Entries taken from a collection:
══════════

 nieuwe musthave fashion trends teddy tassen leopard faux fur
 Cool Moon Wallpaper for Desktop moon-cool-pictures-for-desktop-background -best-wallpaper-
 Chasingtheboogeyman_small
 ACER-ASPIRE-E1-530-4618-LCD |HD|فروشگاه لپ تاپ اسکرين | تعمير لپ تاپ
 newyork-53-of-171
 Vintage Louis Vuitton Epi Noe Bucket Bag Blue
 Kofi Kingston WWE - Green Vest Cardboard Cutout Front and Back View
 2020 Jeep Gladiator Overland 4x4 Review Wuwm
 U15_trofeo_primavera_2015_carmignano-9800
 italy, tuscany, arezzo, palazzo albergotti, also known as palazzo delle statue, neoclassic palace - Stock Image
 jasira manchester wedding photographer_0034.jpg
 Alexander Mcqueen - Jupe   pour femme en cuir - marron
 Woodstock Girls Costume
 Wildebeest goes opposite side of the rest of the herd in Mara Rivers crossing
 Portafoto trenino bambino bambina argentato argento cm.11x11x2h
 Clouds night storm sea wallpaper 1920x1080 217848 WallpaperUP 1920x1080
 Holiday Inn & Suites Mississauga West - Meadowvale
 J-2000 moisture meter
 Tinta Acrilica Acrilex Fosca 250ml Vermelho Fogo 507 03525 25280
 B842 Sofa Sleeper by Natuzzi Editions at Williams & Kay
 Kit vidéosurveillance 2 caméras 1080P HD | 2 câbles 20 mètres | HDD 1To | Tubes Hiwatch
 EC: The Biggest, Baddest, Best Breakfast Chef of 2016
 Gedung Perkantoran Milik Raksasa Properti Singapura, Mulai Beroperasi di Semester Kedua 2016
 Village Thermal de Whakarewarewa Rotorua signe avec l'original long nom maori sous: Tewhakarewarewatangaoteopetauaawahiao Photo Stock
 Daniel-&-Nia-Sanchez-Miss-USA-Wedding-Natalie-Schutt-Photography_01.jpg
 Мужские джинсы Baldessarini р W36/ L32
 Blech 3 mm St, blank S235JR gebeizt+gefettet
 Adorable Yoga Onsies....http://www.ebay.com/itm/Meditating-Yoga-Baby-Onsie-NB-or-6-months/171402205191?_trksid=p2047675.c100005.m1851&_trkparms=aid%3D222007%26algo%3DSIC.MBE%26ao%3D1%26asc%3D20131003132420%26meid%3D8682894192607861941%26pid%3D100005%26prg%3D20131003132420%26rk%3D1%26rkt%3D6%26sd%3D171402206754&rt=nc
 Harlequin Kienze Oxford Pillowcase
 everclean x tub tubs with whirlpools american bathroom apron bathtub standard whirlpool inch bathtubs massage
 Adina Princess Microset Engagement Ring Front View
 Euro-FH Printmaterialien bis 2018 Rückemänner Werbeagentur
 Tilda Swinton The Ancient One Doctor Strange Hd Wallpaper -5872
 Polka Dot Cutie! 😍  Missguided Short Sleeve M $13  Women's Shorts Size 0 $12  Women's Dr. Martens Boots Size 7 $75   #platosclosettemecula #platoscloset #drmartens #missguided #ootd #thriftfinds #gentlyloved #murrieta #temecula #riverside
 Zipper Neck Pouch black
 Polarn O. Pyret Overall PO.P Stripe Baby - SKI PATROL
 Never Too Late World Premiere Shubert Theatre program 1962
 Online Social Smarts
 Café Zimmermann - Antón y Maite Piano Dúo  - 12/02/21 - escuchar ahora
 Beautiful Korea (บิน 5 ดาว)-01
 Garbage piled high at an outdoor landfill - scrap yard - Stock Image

══════════

Aim of the task:
Reproduce the entries above exactly, every line included.

Output:
 nieuwe musthave fashion trends teddy tassen leopard faux fur
 Cool Moon Wallpaper for Desktop moon-cool-pictures-for-desktop-background -best-wallpaper-
 Chasingtheboogeyman_small
 ACER-ASPIRE-E1-530-4618-LCD |HD|فروشگاه لپ تاپ اسکرين | تعمير لپ تاپ
 newyork-53-of-171
 Vintage Louis Vuitton Epi Noe Bucket Bag Blue
 Kofi Kingston WWE - Green Vest Cardboard Cutout Front and Back View
 2020 Jeep Gladiator Overland 4x4 Review Wuwm
 U15_trofeo_primavera_2015_carmignano-9800
 italy, tuscany, arezzo, palazzo albergotti, also known as palazzo delle statue, neoclassic palace - Stock Image
 jasira manchester wedding photographer_0034.jpg
 Alexander Mcqueen - Jupe   pour femme en cuir - marron
 Woodstock Girls Costume
 Wildebeest goes opposite side of the rest of the herd in Mara Rivers crossing
 Portafoto trenino bambino bambina argentato argento cm.11x11x2h
 Clouds night storm sea wallpaper 1920x1080 217848 WallpaperUP 1920x1080
 Holiday Inn & Suites Mississauga West - Meadowvale
 J-2000 moisture meter
 Tinta Acrilica Acrilex Fosca 250ml Vermelho Fogo 507 03525 25280
 B842 Sofa Sleeper by Natuzzi Editions at Williams & Kay
 Kit vidéosurveillance 2 caméras 1080P HD | 2 câbles 20 mètres | HDD 1To | Tubes Hiwatch
 EC: The Biggest, Baddest, Best Breakfast Chef of 2016
 Gedung Perkantoran Milik Raksasa Properti Singapura, Mulai Beroperasi di Semester Kedua 2016
 Village Thermal de Whakarewarewa Rotorua signe avec l'original long nom maori sous: Tewhakarewarewatangaoteopetauaawahiao Photo Stock
 Daniel-&-Nia-Sanchez-Miss-USA-Wedding-Natalie-Schutt-Photography_01.jpg
 Мужские джинсы Baldessarini р W36/ L32
 Blech 3 mm St, blank S235JR gebeizt+gefettet
 Adorable Yoga Onsies....http://www.ebay.com/itm/Meditating-Yoga-Baby-Onsie-NB-or-6-months/171402205191?_trksid=p2047675.c100005.m1851&_trkparms=aid%3D222007%26algo%3DSIC.MBE%26ao%3D1%26asc%3D20131003132420%26meid%3D8682894192607861941%26pid%3D100005%26prg%3D20131003132420%26rk%3D1%26rkt%3D6%26sd%3D171402206754&rt=nc
 Harlequin Kienze Oxford Pillowcase
 everclean x tub tubs with whirlpools american bathroom apron bathtub standard whirlpool inch bathtubs massage
 Adina Princess Microset Engagement Ring Front View
 Euro-FH Printmaterialien bis 2018 Rückemänner Werbeagentur
 Tilda Swinton The Ancient One Doctor Strange Hd Wallpaper -5872
 Polka Dot Cutie! 😍  Missguided Short Sleeve M $13  Women's Shorts Size 0 $12  Women's Dr. Martens Boots Size 7 $75   #platosclosettemecula #platoscloset #drmartens #missguided #ootd #thriftfinds #gentlyloved #murrieta #temecula #riverside
 Zipper Neck Pouch black
 Polarn O. Pyret Overall PO.P Stripe Baby - SKI PATROL
 Never Too Late World Premiere Shubert Theatre program 1962
 Online Social Smarts
 Café Zimmermann - Antón y Maite Piano Dúo  - 12/02/21 - escuchar ahora
 Beautiful Korea (บิน 5 ดาว)-01
 Garbage piled high at an outdoor landfill - scrap yard - Stock Image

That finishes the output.